We are continuing to steam and do regular CTDs along the transect to reach the two northerly stations on either side of the Mid Atlantic Ridge. We have now reached the Charlie Gibbs Fracture Zone (incidentally there was no-one called Charlie Gibbs). Here we are deploying the DOBO Lander Mooring– the Deep Ocean Benthic Observatory. This device is a large titanium frame packed with equipment. DOBO will remain on the sea floor in the CGFZ for one year. It will be recovered by R.R.S. Discovery when she visits the area for further research as part of the ECOMAR project next year. It is designed to collect data on scavenging fish over a period of 12 months by recording the attraction of fish and other animals to bait, in this case mackerel. The frame carries 8 tubes each containing a single mackerel in artificial seawater; the first mackerel is exposed at the start. These are sealed to prevent access by any animals. A stepper motor and controller release a mackerel at predetermined times, i.e. one every 30 days over the period of deployment.
A CCD camera takes photographs illuminated by 2 LED lights. The camera will record for a total of 24 hours over 9 months onto a Hard Drive. It initially records the bait release and then records over varying intervals until the next release in 30 days. The camera records for one minute every 15 minutes for the first 12 hours, then for one minute every 30 minutes for the next 12 hours and finally for one minute every 5 days. The process restarts with the release of the next fish. An ADCP current meter is also fitted to the lander to measure ocean current.
Mounted above the DOBO at a depth of is a MARU pop-up whale listening device. This piece of equipment consists of 2 glass spheres; the bottom one housing a battery and the upper is the recording device and a peizo-hydrophone. It is suspended 42.5m above the seabed and above the DOBO. This is part of an experiment by Henrik Skov a MarEco scientist from Denmark. It will gather data on cetaceans (whales and dolphins) in the CGFZ for one year.
Ballast weights consisting of two iron bars keep the DOBO on the sea floor at a depth of 3688m. In 12 months two releases will be triggered, the weights released and DOBO will float to the surface to be recovered and the data downloaded.
As we were continuing to do CTDs I was assuming that there would not have been a lot of new information to impart.

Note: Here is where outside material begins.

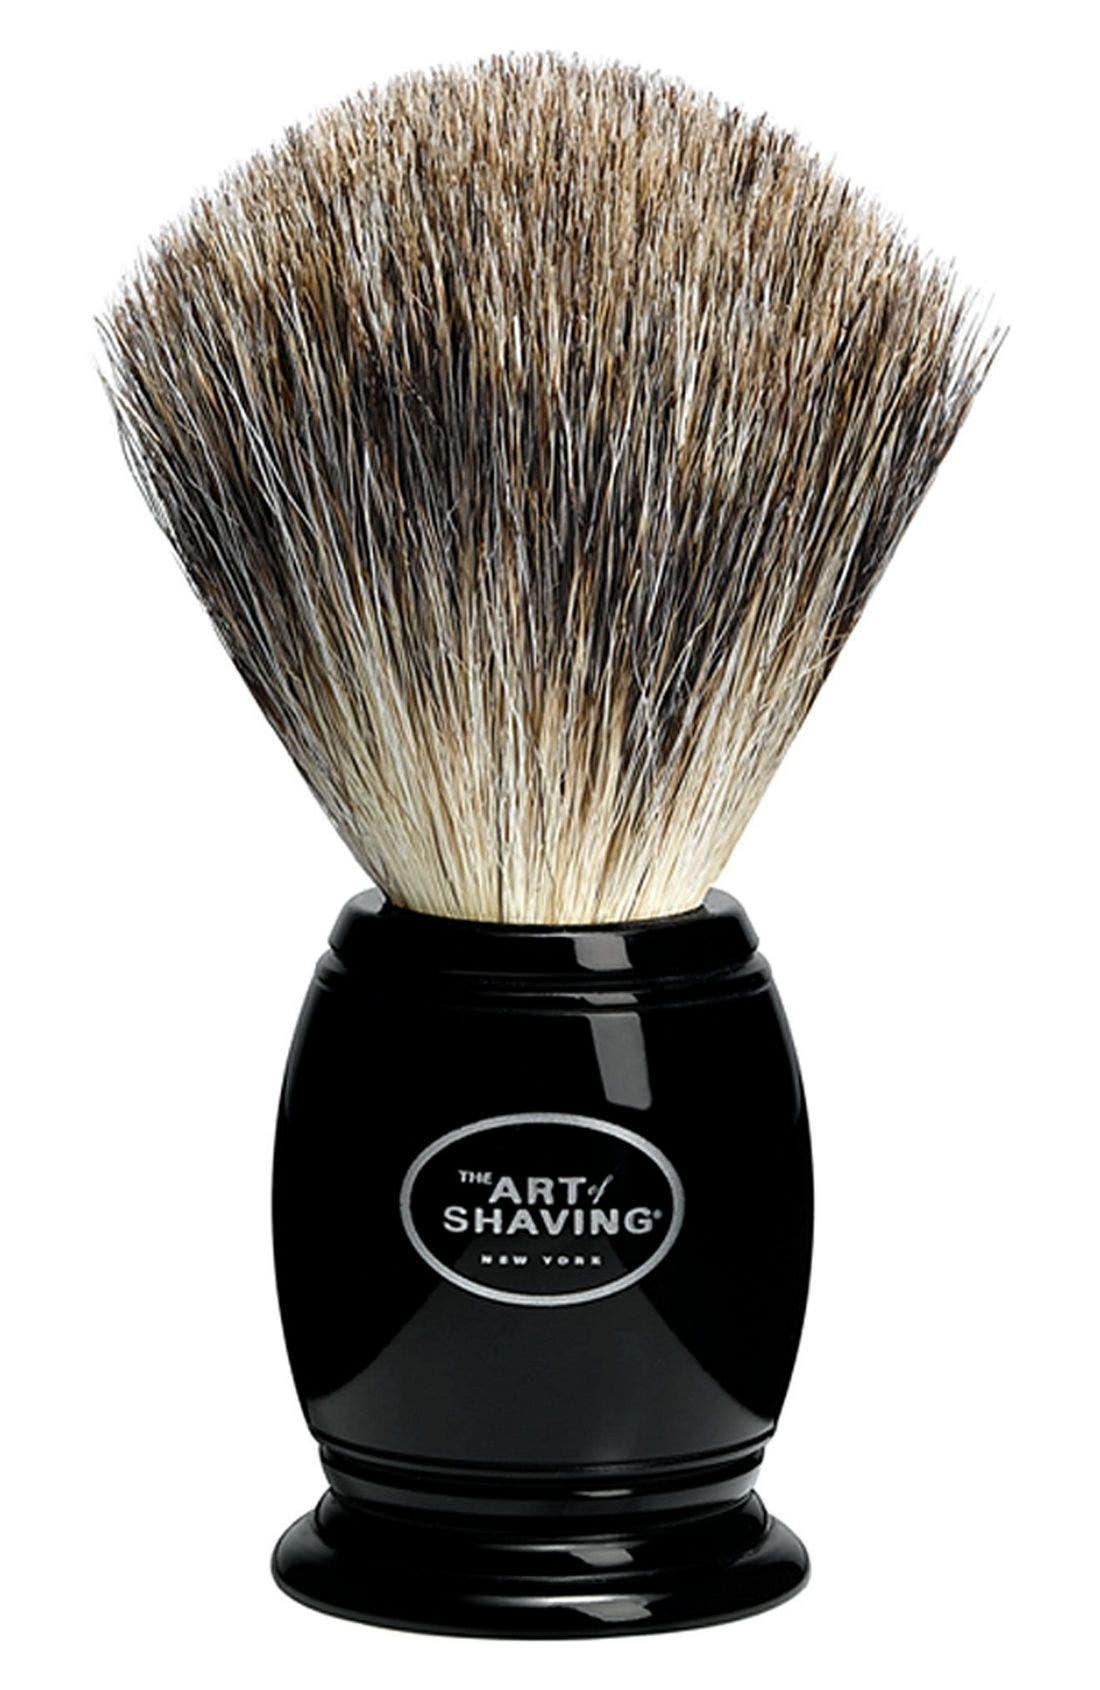 THE ART OF SHAVING,                              Pure Badger Shaving Brush,                             Main thumbnail 1, color,                             000
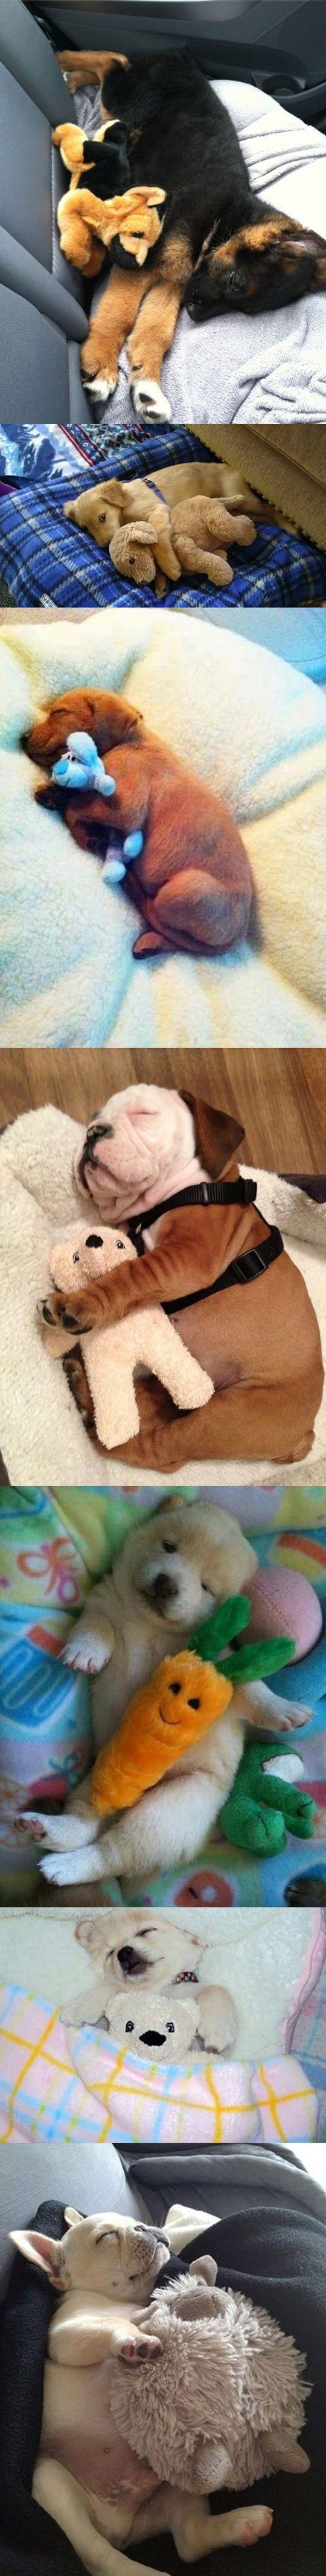 Sleeping And Cuddling

I was not sure when we were to have arrived at the CGFZ so I have prepared a different addition to our life at sea.
Oceanography today relies a lot on new technology, much of which we take for granted and as such we use acronyms for systems we don’t fully understand and which are quite complicated but make our lives easier. Take for example the much-used CTD. We assume that out here in the middle of the Atlantic we can suspend a piece of highly technical and valuable equipment over the side of the ship to a depth of 3700m. That it will reach the bottom of the ocean and be where we want it to be. There are many variables at sea. Wind and ocean currents, which move in different directions and can seriously affect working conditions at sea. If something is suspended over the side the assumption is it will go straight down with a vertical wire. In the past, not so, however, today on ships like the “James Cook” we have “D.P.”
So what is “D.P.” and how does it work?
D.P. stands for Dynamic Positioning- a text book description is ‘ An integration of systems and sub-systems combined that automatically control a vessel’s surge, sway and yaw by means of active thrust’ This means that it controls the vessel’s position and heading using position references by propulsion only.
Most ships, you assume have one or two propellers, the James Cook has 6! There are the two main propellers, which have fixed pitch and variable speed. Also at the rear are two stern thrusters of 800 and 600 KW power. These are mounted across the ship. Forward there are two more propellers, one tunnel thruster of 1200 KW power and a fully retractable azimuth thruster. This one can be lowered below the hull and can turn through 360 degrees. These systems are all designed for maximum quietness, which is also very important for the underwater acoustic systems.
There also 2 High Lift rudders, which improve low speed manoeuverability.
The D.P. system is totally automatic with no hands on control by anyone on the bridge.
All the computer, which controls it needs, is information.
The information it requires is heading input, provided by 2 gyrocompasses;
Position reference provided by gps with differential correction;
Satellite and terrestrial signals
Hydro acoustic position reference
Vertical reference sensor information
With all this information the computer adjusts for pitch and roll and calibrates the ships position to an accuracy of ± 2-3m
There are also wind sensors - sonic anemometers that also provide a live input to the ships positioning.
All in all this sophisticated technology means that equipment that operates on a vertical wire such as CTDs, corers, optical sensors do remain vertically below the ship and if equipment needs to be placed on the sea floor it goes exactly where it should with pinpoint accuracy.
We can do amazing things at sea now but the one element we cannot control is the weather. If it gets too rough to work then we have to heave to and stop.